Tuesday, June 18, 2013

Happy Anniversary, Rand McNally Atlas!

It may seem strange to celebrate the anniversary of an atlas, but ever since we got the 2014 Anniversary edition of the Rand McNally Road Atlas to North America in, I haven't been able to stop selling it. Everyone seems to be hitting the road this summer, from our very own Shuchi, who will be driving through the open spaces of Wyoming and Montana this week with Gretel Ehrlich, Annie Proulx, and Rand McNally in the back seat, to the customer who told me his student visa was running out, but before he returns to Asia, he's driving his car across the states to visit his brother in LA. He doesn't know the way, exactly, or how long it will take, but now he's got his Rand McNally.

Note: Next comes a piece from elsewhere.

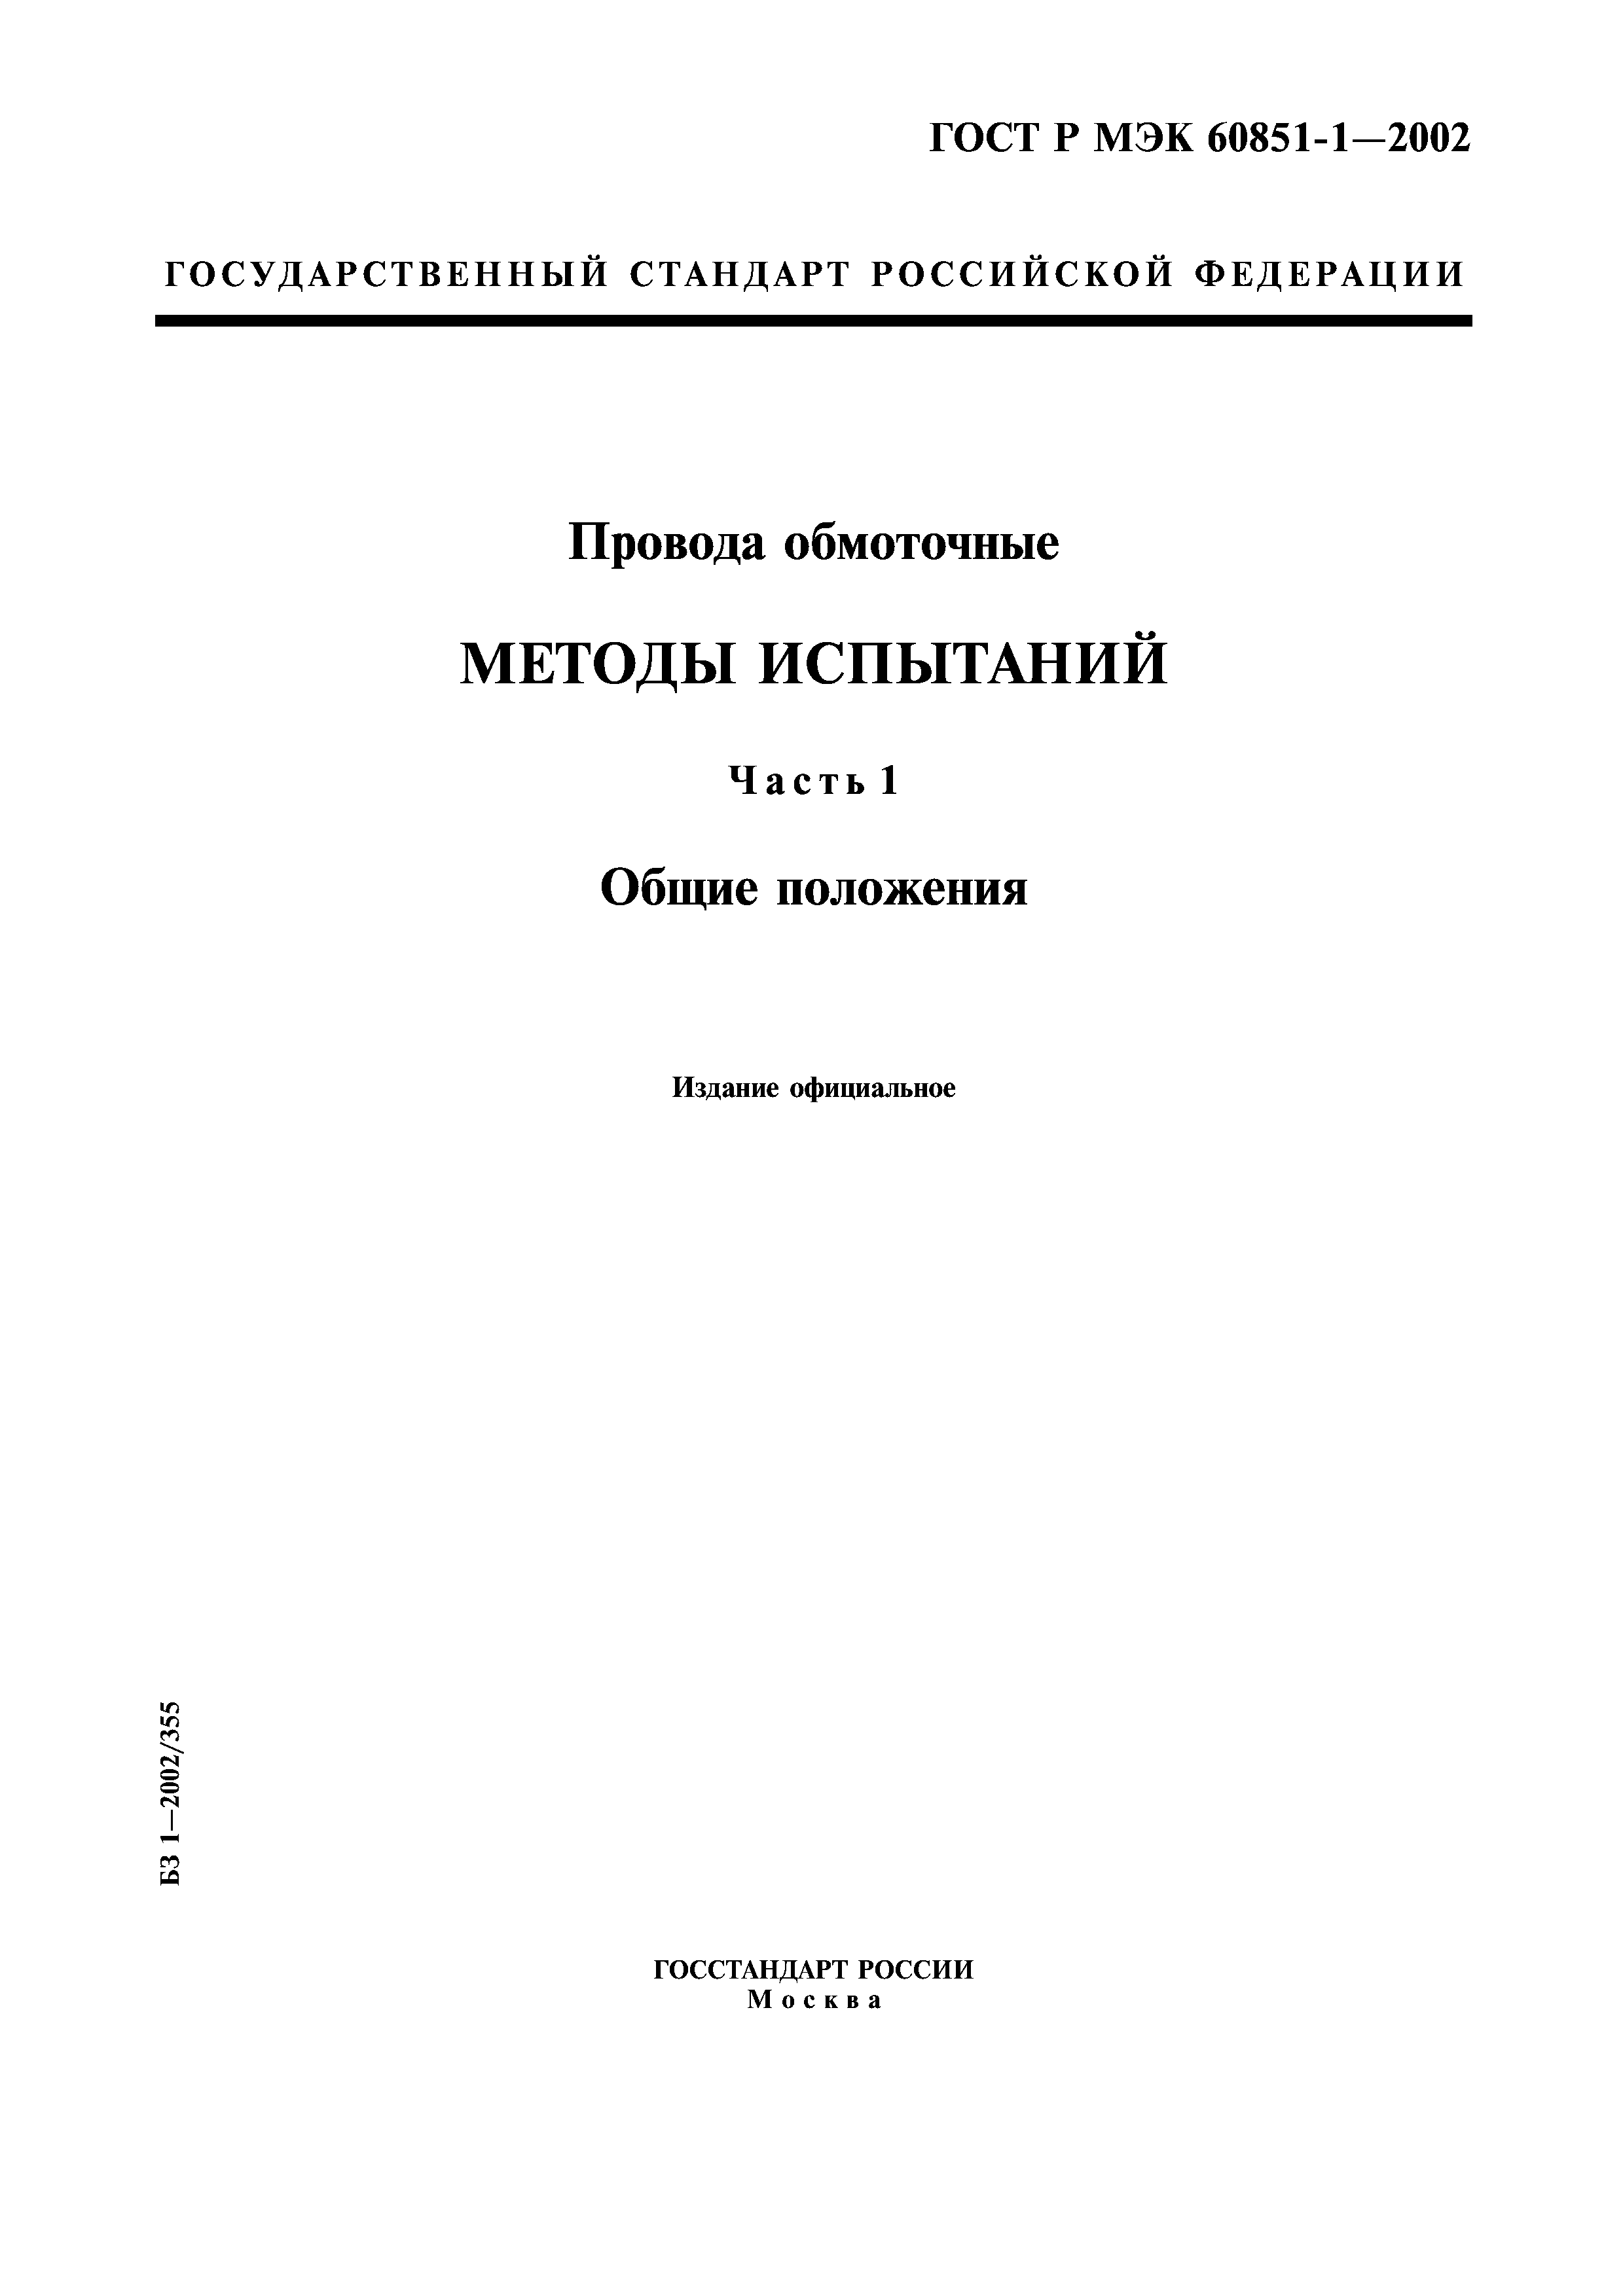 ГОСТ Р МЭК 60851-1-2002

Hearing about these planned adventures got me thinking about past road trips, with the trusty Rand McNally I received for a high school graduation present (Got someone graduating? Take note). I used the atlas to get myself out of Iowa. At first, I made the mistake of driving across Nebraska--where it was just me, sky, and a Buffalo Bill Cody museum that contained a lot of plaques with horrific stories of the American hero's conquests of buffalo, and a stuffed two-headed calf. But after that Rand McNally set me right, sending me across Colorado, where I visited friends in Denver, then drove straight into the Rockies. Somewhere in Utah I needed a place to camp, opened my atlas, found the remote Flaming Gorge on the Utah page, and pitched a tent. Then it was up through Jackson Hole and across Montana, through Boise, along the Columbia River Gorge and into the Northwest, which would be home for the following three years, until I tossed Rand McNally in the back seat for a return trip.

Now on the East Coast, when urban living wears and the city presses in, I recall those open spaces and stretching skies, and random place names picked from an atlas transformed into memories. Then I'm tempted to throw away my T pass and buy a car, just to have a place to store my Rand McNally for when the road calls again.